【本の感想】エーリッヒ・フロム『愛するということ』

本の感想 エーリッヒ・フロム『愛するということ』

エーリッヒ・フロム(Erich Seligmann Fromm)『愛するということ』(Die Kunst des Liebens)は、愛は技術であるので、学習が必要であると説き、愛の論理と愛の実践について論を展開していきます。

そもそも、人の実存は他からばらばらに分離されたものであるから、人には、これを克服したいという欲求がある。これは、愛による他との融合=合一をもって成就するのだと、と述べます。ここで興味深いのは、現代資本主義の個性を失った平等との違いです。これは合一ではなく同一を意味するとしています。確かに、画一的であることが、孤独を癒すことにはならないことは理解できます。支配や所有ではなく、あるがままひとつになるというのは、人の本質としての理想なのかもしれません。

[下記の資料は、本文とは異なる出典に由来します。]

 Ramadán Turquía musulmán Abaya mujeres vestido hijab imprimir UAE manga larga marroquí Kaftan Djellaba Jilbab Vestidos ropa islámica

自分個人についていえば、愛を意思の行為ととらえ、活動的に与え、生命を他にゆだねる決断の行為とするのは、対象を限定すると可能とは思います。が、他を愛するといえるなら、他を通し世界を愛し、自分自身を愛するといえなければならない、となるとかなりハードルが高いですね。 

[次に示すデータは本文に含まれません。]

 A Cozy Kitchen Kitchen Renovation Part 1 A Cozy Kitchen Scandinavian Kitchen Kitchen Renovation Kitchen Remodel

愛の実践の中では、謙虚と客観性、理性の発達の必要性が述べられます。また、人間の存在の条件として、自分自身の愛を信頼し、他の中に愛を生ずる能力への信念をあげています。う~む。まったくできていない自分に気づきます。

最後に著者は、我々の全社会的および経済的組織が各人の利益の追求にもとづいており、資本主義の原理と愛の原理は相容れないとの認識を示します。震災以降の日本では、著者のいう愛の実践を報道として目にすることがあります。このようなときこそ、愛による他との合一人によって、困難を乗り切っていくすべが人には残されているのでしょう。こんな現代だからこそ、心に響く本でした。

神への愛は、頭で理解はできても、いまいちピンとこないんですよねぇ。